I am not a salesman; this post is not concerned with how the advert functions as a sales tool, but rather how it stands as a piece of art. I suspect that the two are closely related.

To my mind, there are several ways to make an advert count ascetically. Here are just a few of them.

1. Make it epic.

Epic adverts – to my mind – are the best. I just love to get all involved, and frequently can’t stop myself getting worked up about things for which I normally wouldn’t give a fig. (All Blacks vs.

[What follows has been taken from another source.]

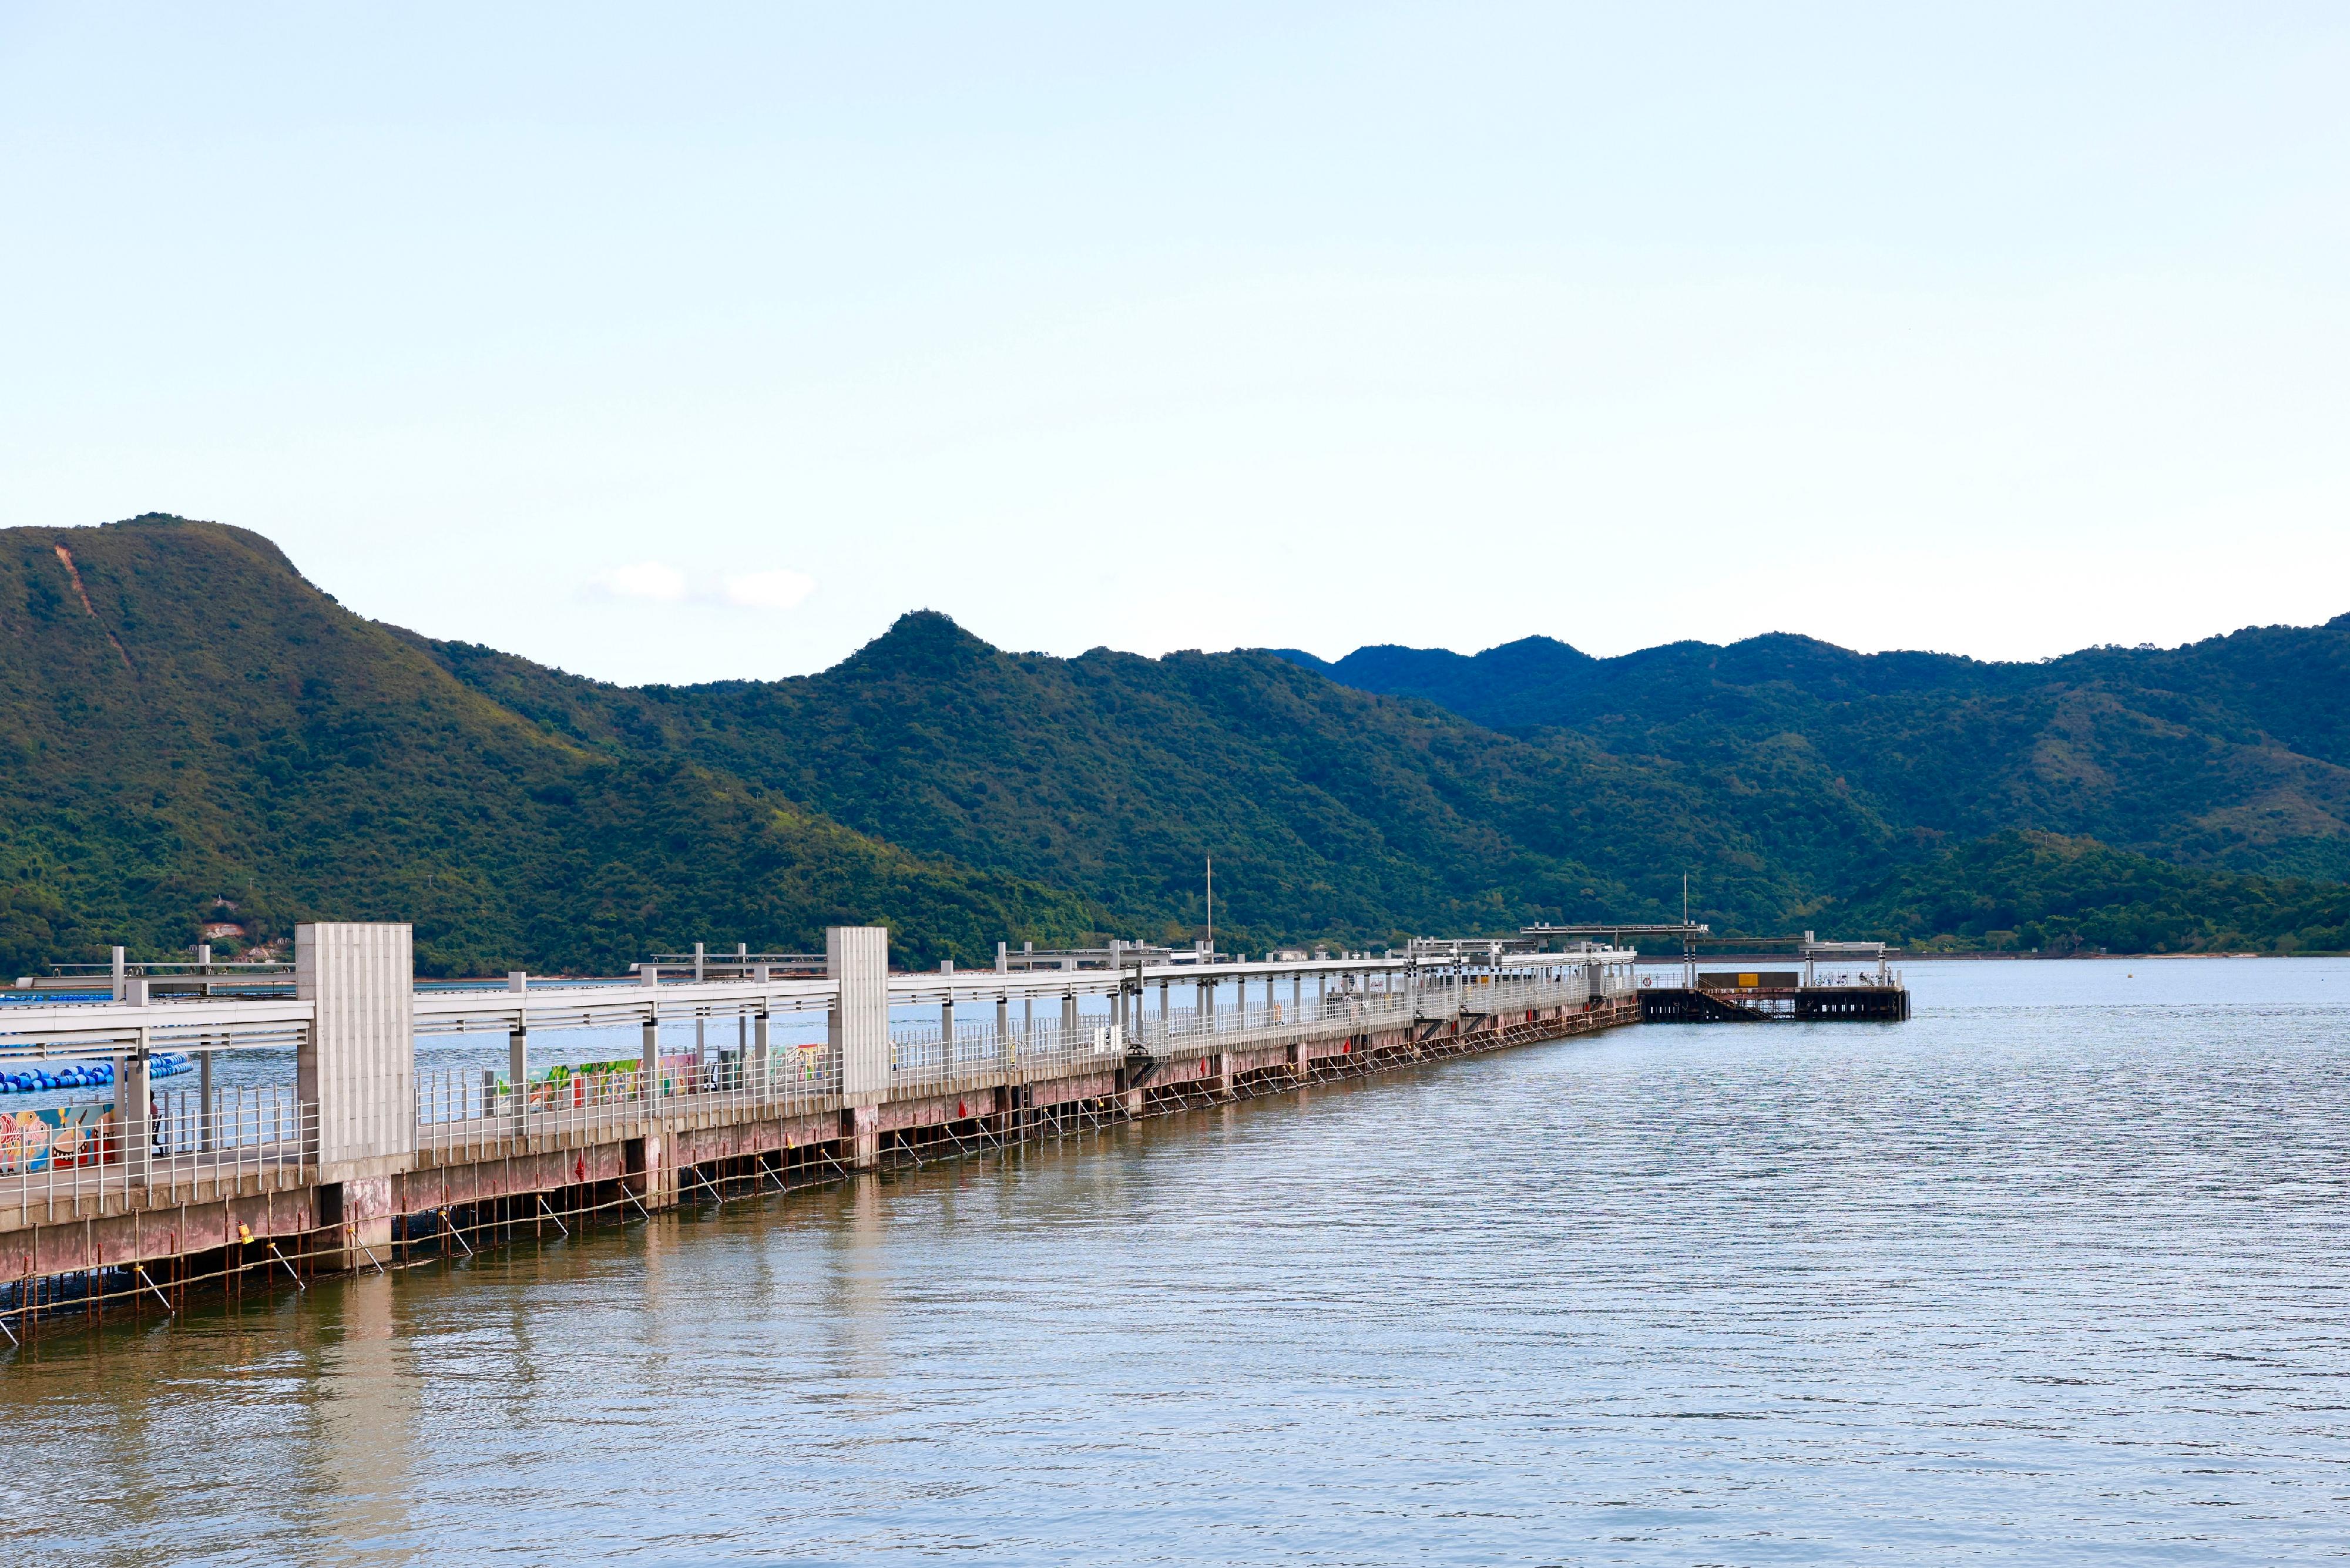 The Second Phase Opening-up of Sha Tau Kok will begin on January 1 next year. Initially, up to 1,000 tourists per day will be allowed to visit all parts of Sha Tau Kok, except Chung Ying Street, after applying online for a Closed Area Permit. Photo shows the longest pier in Hong Kong, Sha Tau Kok Pier.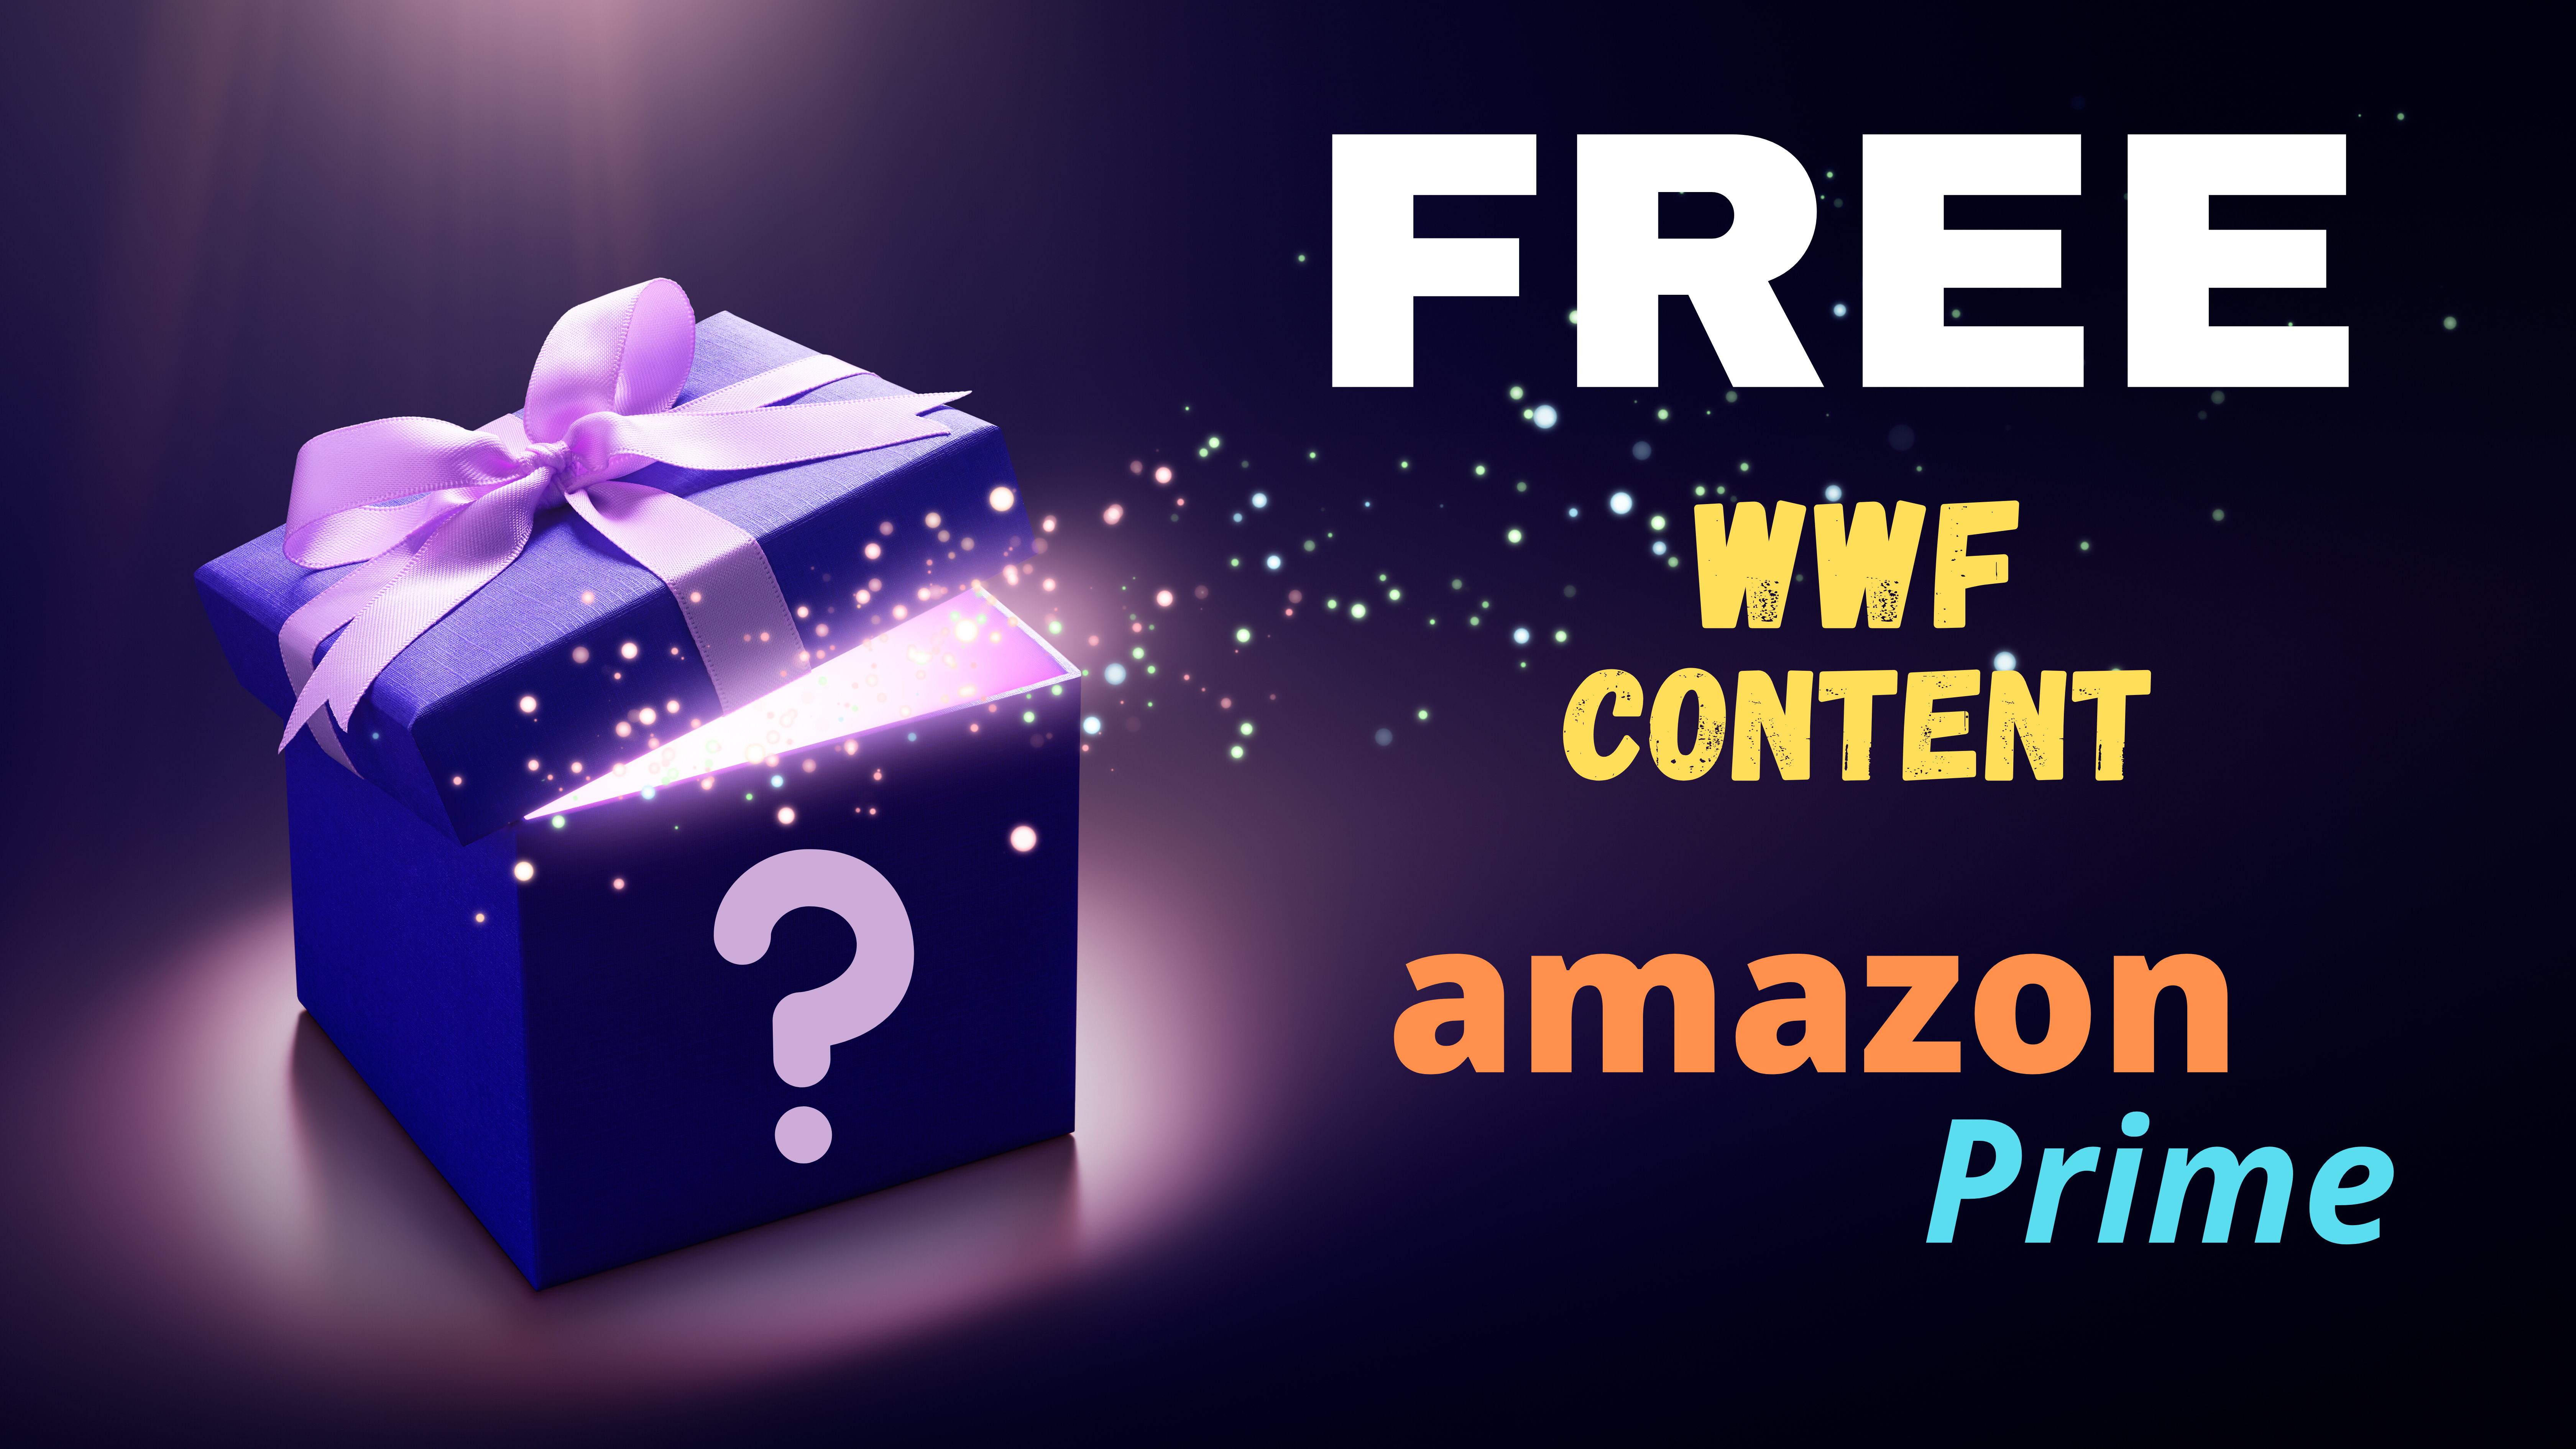 Purple background.Text: Free WWF Content, Amazon Prime. Picture of purple present with bow on top and question mark on the front side.

British & Irish Lions promo – made ahead of the much anticipated tour to NZ, 2005. What a pity the tour didn’t add up to all the hype). (RBS Six Nations 2010 Promo). (British Airways – To Fly, To Serve). (Guinness – Some Are Made of More, made for the Rugby World Cup, NZ, 2011). (Hovis – Go On Lad).

2. Make it humorous.

So often the Achilles’ Heel of the enthusiastic advert. You can never go wrong with a bit of banter, and usually it can be achieved simply and even without singing (!), which is what Halifax fail so abysmally to realise. (Phones 4U – Samsung Wave). (Tango – Diver’s Helmet, just one part of a hilarious campaign). (Skittles – Touch The Rainbow).

3. Make it beautiful.

It could be a lovely piece of music, good camera work or just a novel concept; beautiful adverts, along with epic adverts, are the one’s I watch repeatedly through crimson eyes when drunk. (Sony Bravia – Superstar Dreams). (Philips – Carousel). (ITV – Rugby World Cup 2011).

4. Make it moving.

A technique less used than the others, but it can be employed to fantastic effect. (Pantene – Chrysalis).

5. Make it memorable.

There are some adverts that are worthy of distinctive especial mention. They do what all the good ones do… Only for some reason they are better. (Guinness – Horse Surfer). (Apple – ‘1984’ advert, made for the Superbowl 1984).